Currently what happens is in bsd.pkg.mk, there is a test which
compares ${PACKAGES} to ${PKGSRCDIR}/packages.  In slightly 
simplified form the test is:

cd ${PACKAGES}
case `pwd` in
	${PKGSRCDIR}/packages)
		MULTIARCH=no
		;;

	*)
		MULTIARCH=yes
		;;
esac

Basically this is trying to figure out if you have a tree like

/usr/pkgsrc/packages/{All,archivers,audio,cad,...} with binary
packages living under /usr/pkgsrc/packages/All or if you have
a tree like whats found at ftp://ftp.netbsd.org/pub/NetBSD/packages/
which is like

.../packages/{1.6.2/{alpha,i386,sparc},2.0/{amd64,i386,sparc64}}

and under each of those directories you have
{{All,archivers,audio,cad,...} again with the actual binary pkgs
living under All.  So our choice is do you have something like

/usr/pkgsrc/packages/All/foo-2.0.tar.gz

or

/some/other/place/packages/2.0/vax/All/foo-2.0.tar.gz

Clearly this test is broken.  For example you may mount pkgsrc 
read only or you may have your binary packages in some other
location which has extra storage.  In both of these cases you'll
end up with MULTIARCH=yes even though thats not right.

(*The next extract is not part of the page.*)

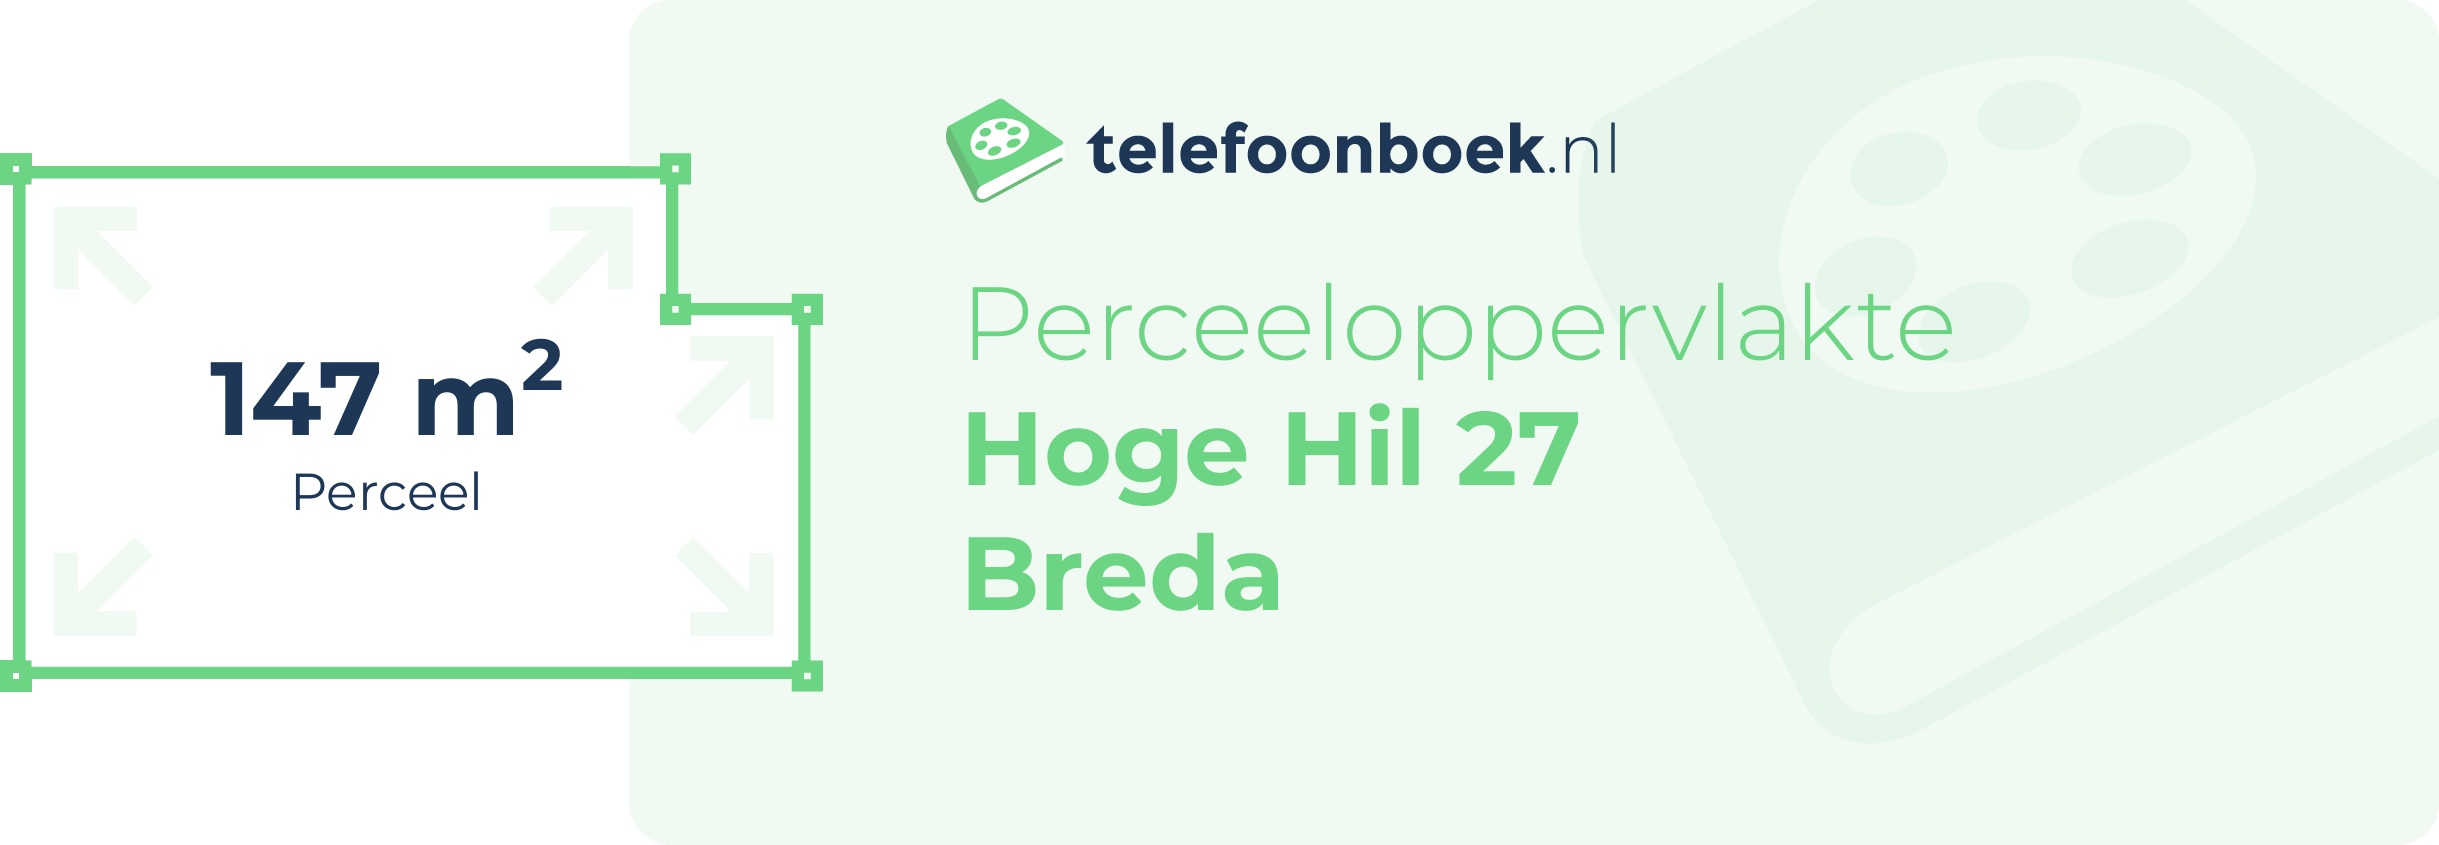 Perceeloppervlakte Hoge Hil 27 Breda

Now in mk/scripts/genreadme.awk, an attempt is made to find
all the binary packages for a particular package.  In the
MULTIARCH=no case, this is done by doing something like

pkgs=`ls -1 /usr/pkgsrc/packages/All/foo-*`

and then for each file in $pkgs, you get a line in your README.html
listing package version and providing a link.  The machine
arch field in the output line, the operating system name, and
operating system version are determined by the machine that generated
the README.html files.
See ftp://ftp.netbsd.org/pub/NetBSD/packages/pkgsrc/devel/gmake/README.html
for an example of what these lines look like.

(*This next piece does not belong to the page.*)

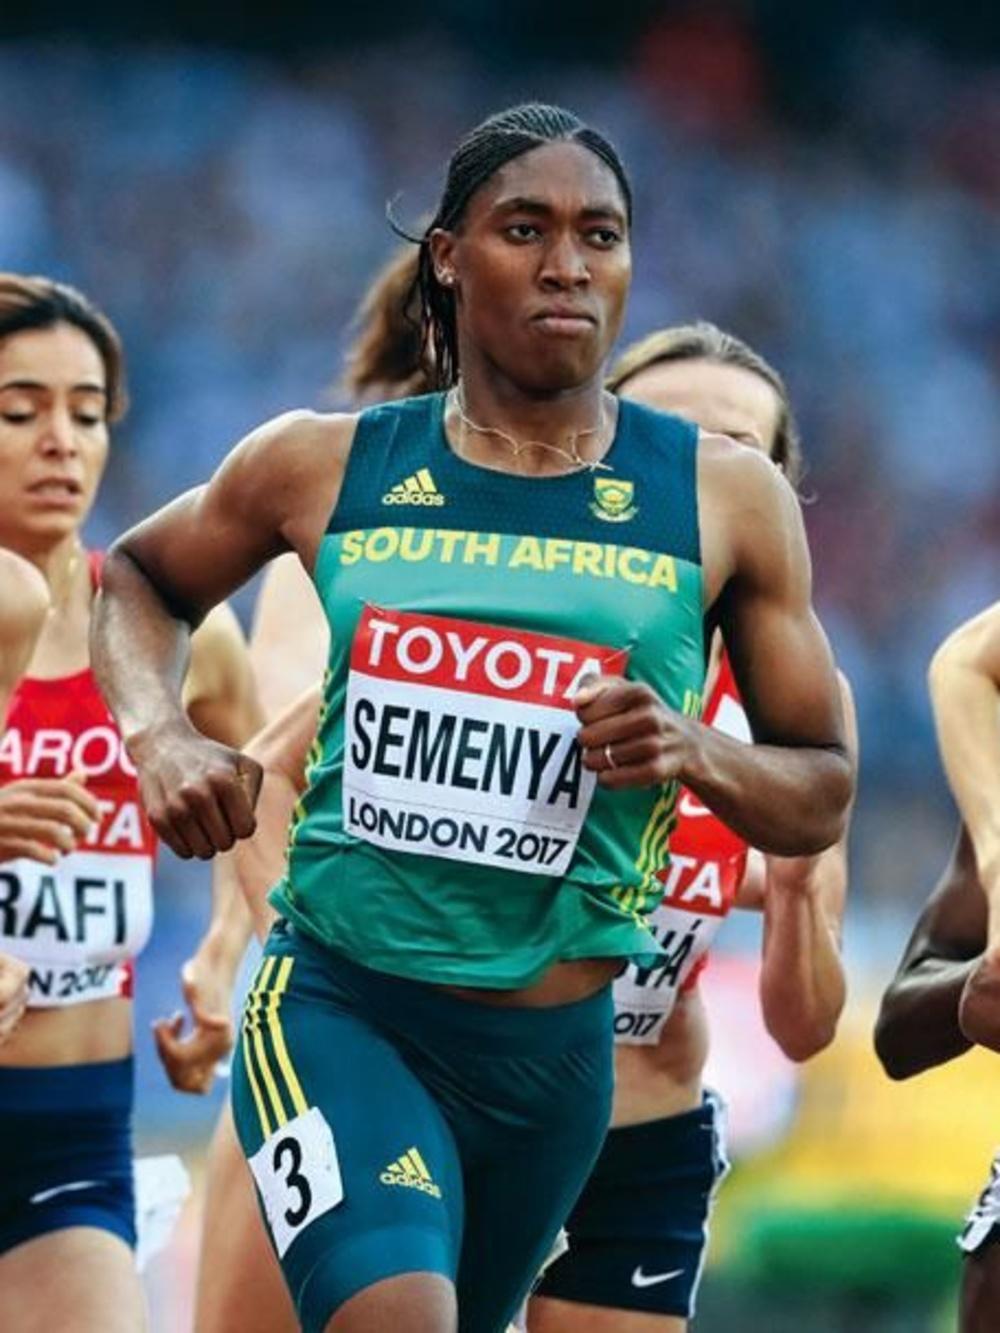 LA sud-africaine Caster Semenya aux Championnats du Monde IAAF 2017 au London Stadium.

This is mostly ok as implemented except that you might be
generating README.html files for some other operating system,
architecture, or version.

On the MULTIARCH=yes case, the list of packages is found with
something like

pkgs=`ls -1 /some/other/place/packages/[0-9].*/*/All/foo-*`

The "[0-9].*" is because at
ftp://ftp.netbsd.org/pub/NetBSD/packages/ there are some
other things besides os version directories.

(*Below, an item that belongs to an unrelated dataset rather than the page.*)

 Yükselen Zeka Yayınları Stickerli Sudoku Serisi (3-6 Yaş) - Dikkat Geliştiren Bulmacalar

Then genreadme.awk extracts the operating system version and the
machine architecture from the path to the binary package
file.  The operating system name is taken from the system
which generates the README.html file.


----------------------------------


Now, how to make things better?  One possibility is use

pkgs=`find ${PACKAGES} -name foo-\* -type f`

where the -type f skips the soft links from the categories to 
All.  Now for each $pkgs, use pkg_info -B to extract
OPSYS=NetBSD
OS_VERSION=2.0
MACHINE_ARCH=alpha

The advantage is we can lose the MULTIARCH test which is
broken anyway and we should always get the right operating
system, version, and MACHINE_ARCH for each binary package.
We get support for multiple operating systems for free.

The drawback is with 5,000 packages, you're running
find 5,000 times and pkg_info potentially many more times.
For example, ftp.netbsd.org has right at about 100,000
binary packages (!).

At 0.125 seconds per pkg_info (taken from pkg_info -B
on about 300 pkgs on a lightly loaded alpha PC164)
this is 4 hours of pkg_info.  For a more reasonable
5,000 binary packages its only 10 minutes.


Comments on this approach?  Suggestions for a better approach?

Thanks
-Dan


--